• Task objective:
Once the pictures are set aside, copy the data below exactly as it stands.

-- Input data follows --

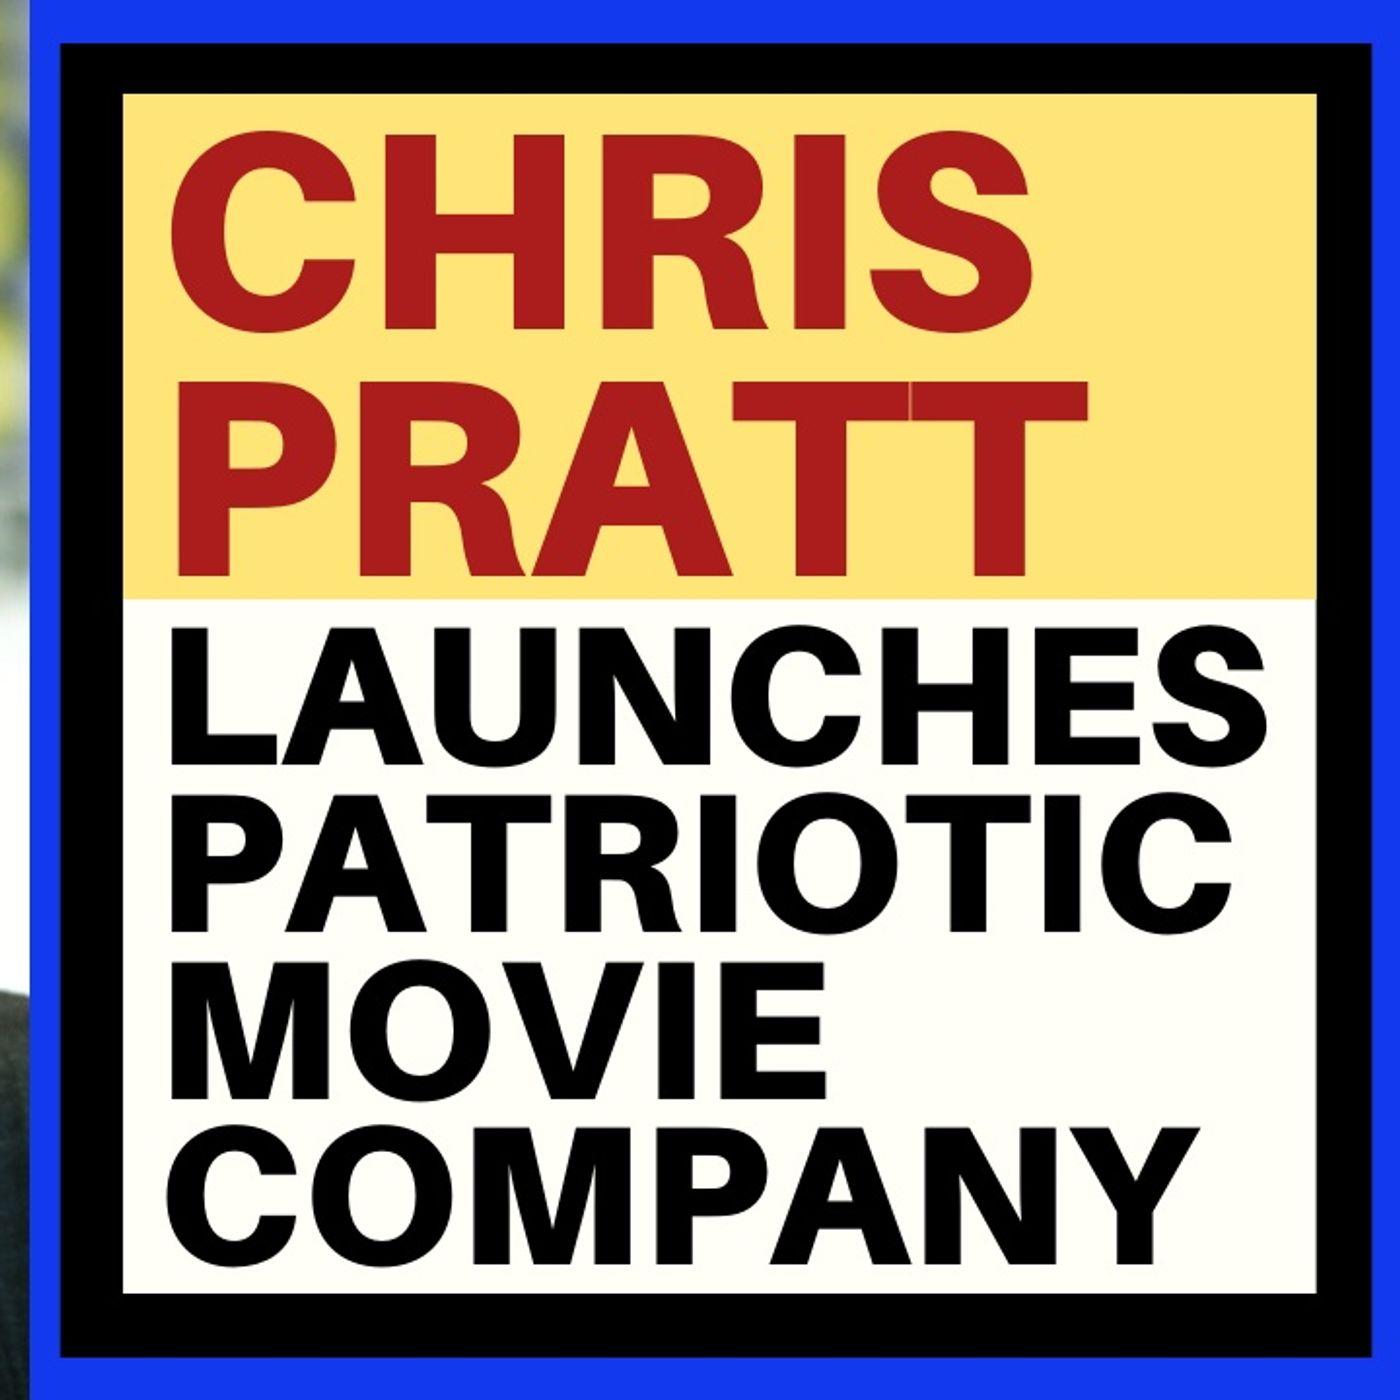 CHRIS PRATT LAUNCHES PATRIOTIC MOVIE STUDIO
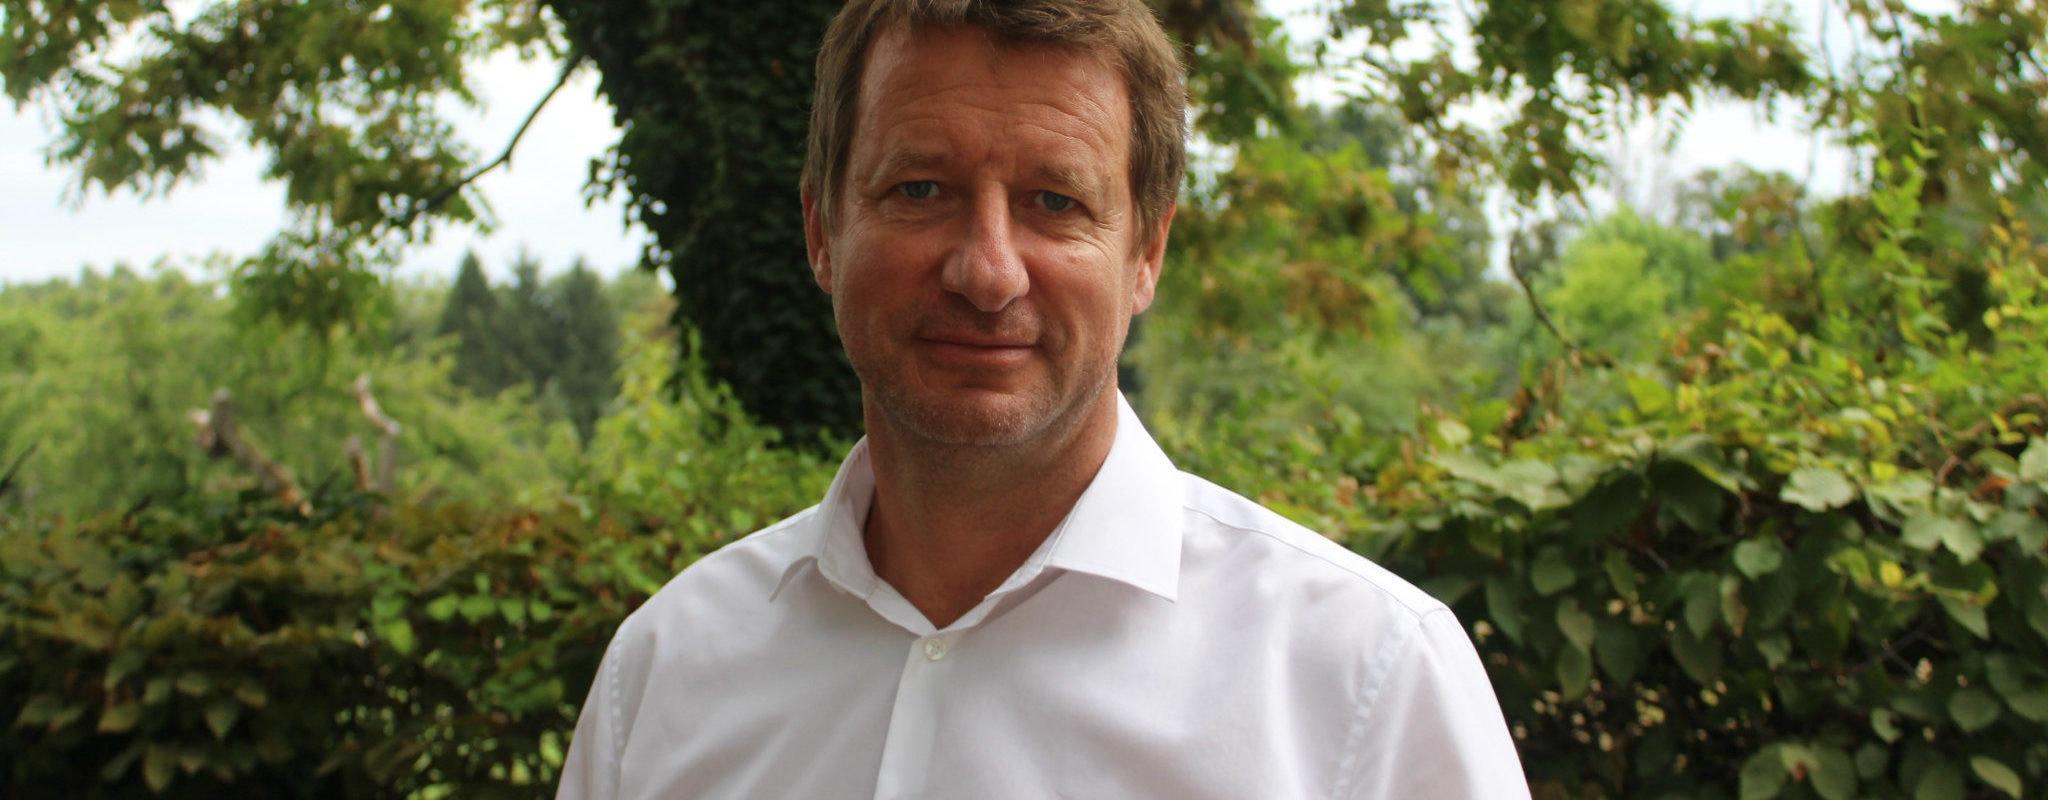 Yannick Jadot : «l'écologie va redonner le pouvoir aux citoyens»
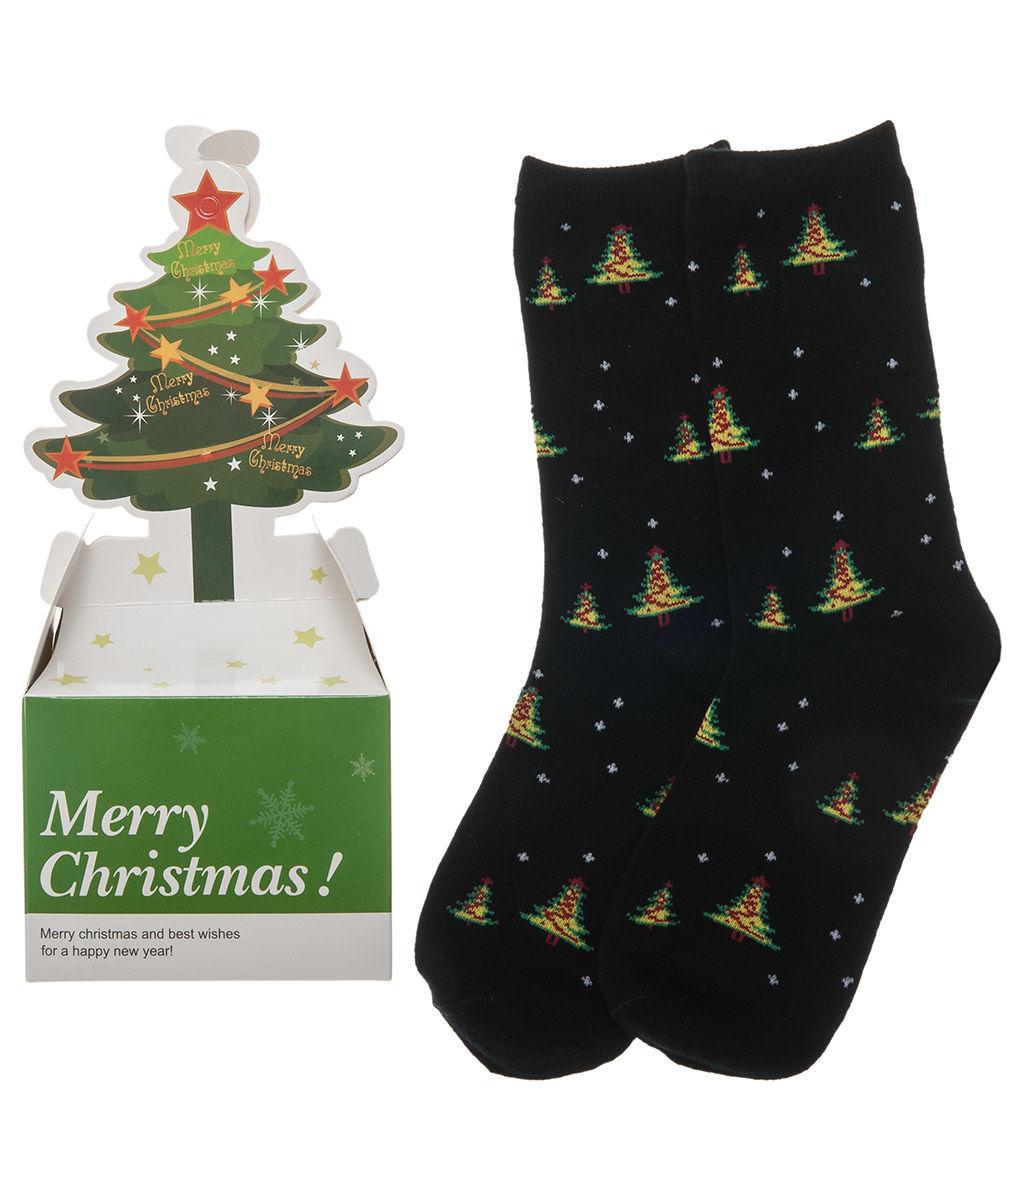 Γυναικεία   Ρούχα   Εσώρουχα   Κάλτσες   Κάλτσες   Καλσόν ... a64accd77e2
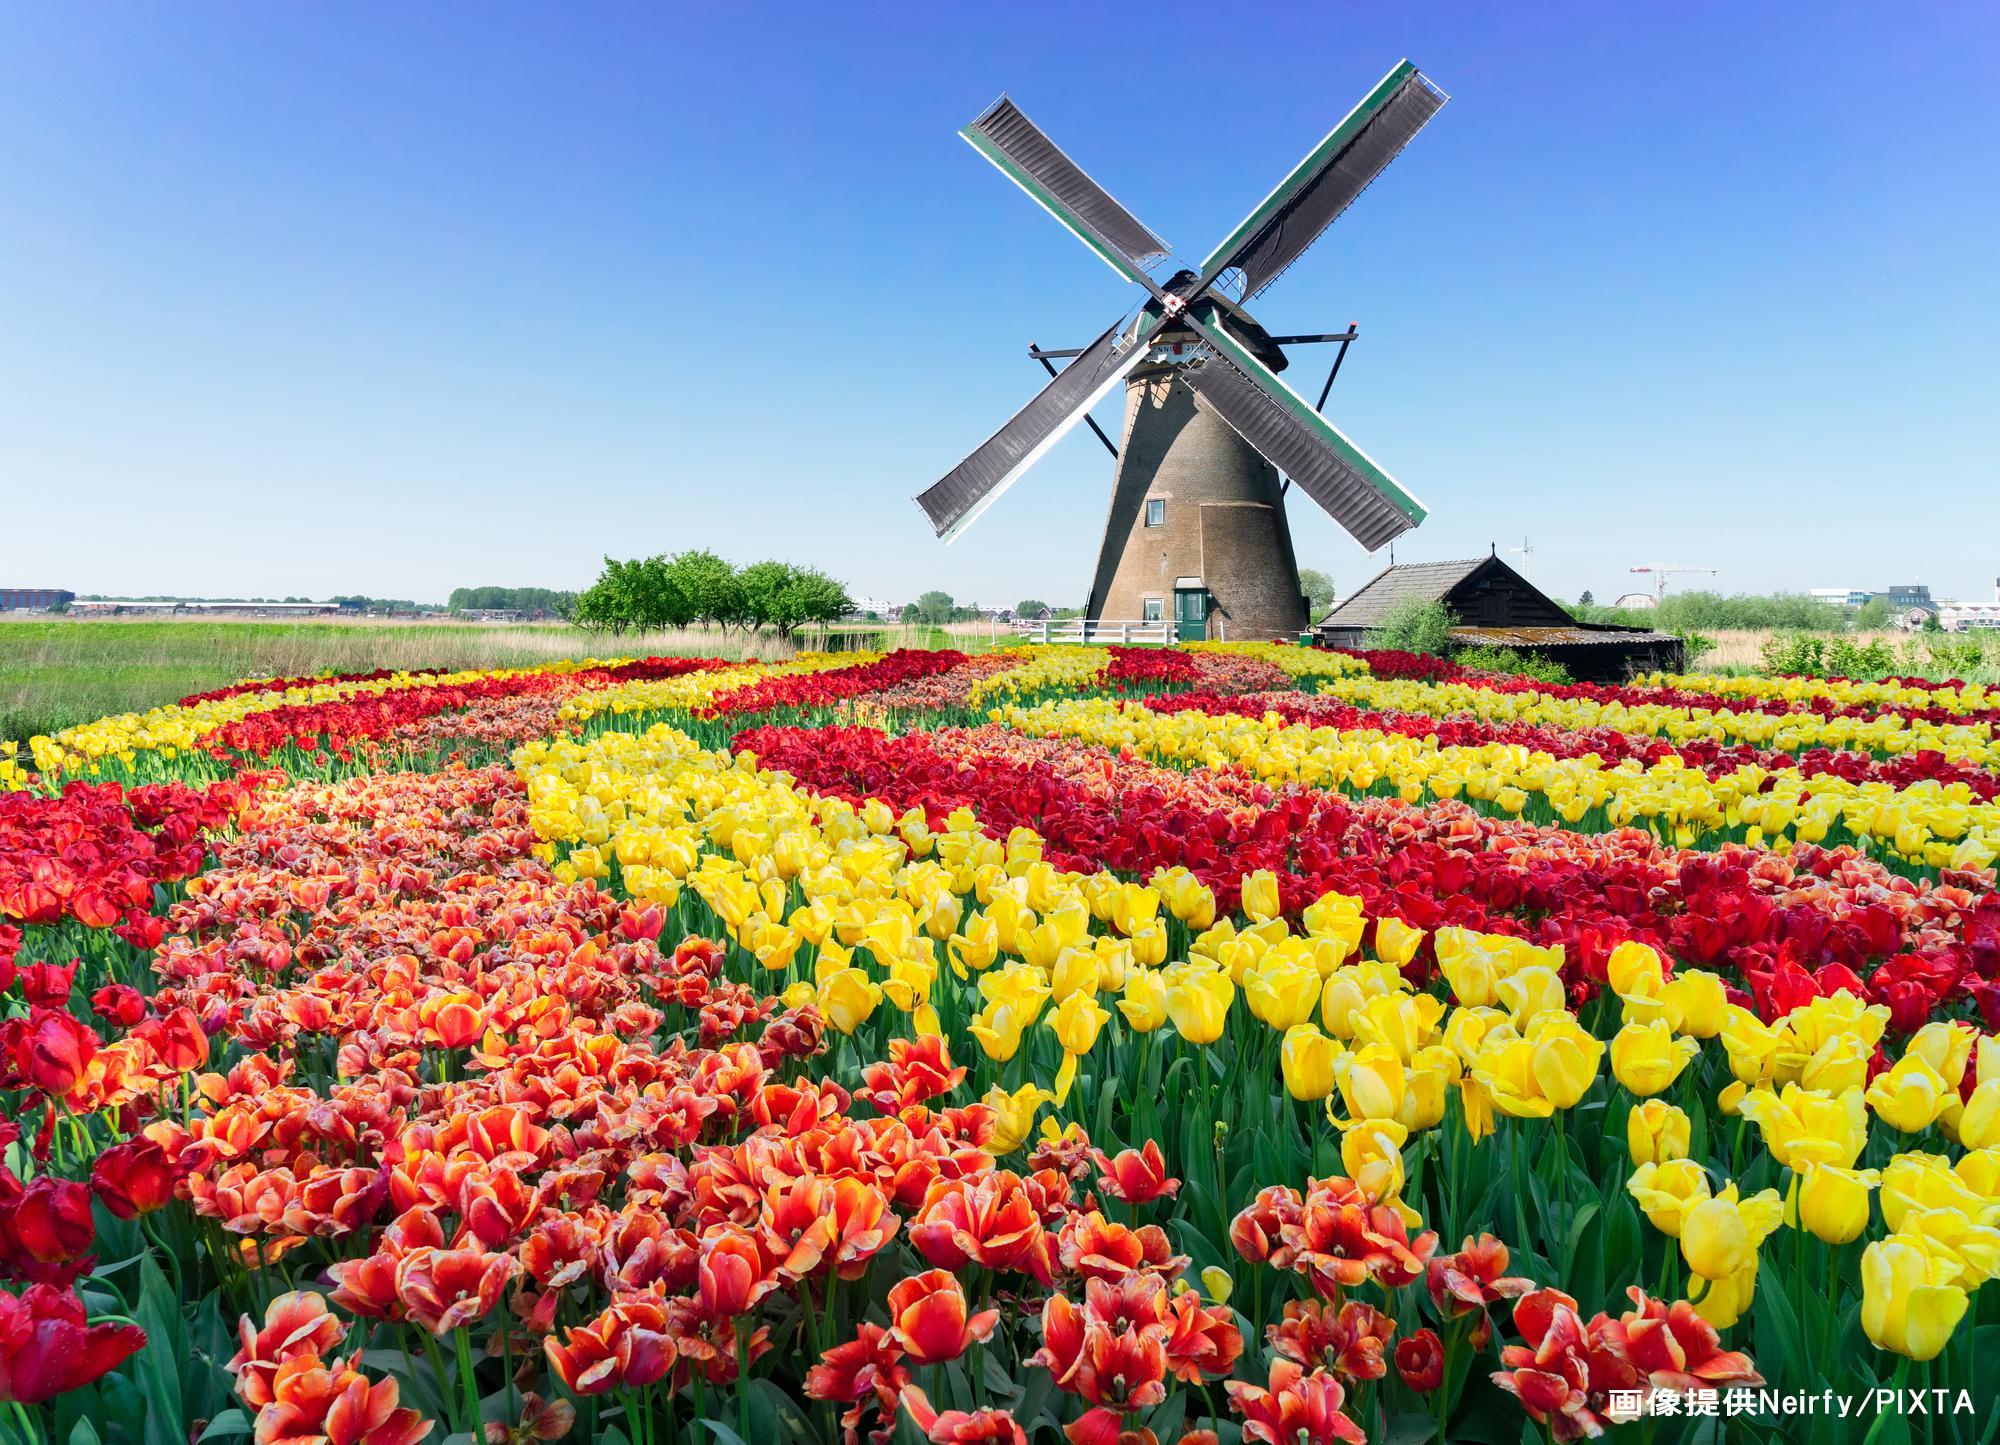 オランダ画像PIXTA名前入り.jpg

-- Input data concluded --

• Task response:
 CHRIS PRATT LAUNCHES PATRIOTIC MOVIE STUDIO
 Yannick Jadot : «l'écologie va redonner le pouvoir aux citoyens»
 Γυναικεία   Ρούχα   Εσώρουχα   Κάλτσες   Κάλτσες   Καλσόν ... a64accd77e2
 オランダ画像PIXTA名前入り.jpg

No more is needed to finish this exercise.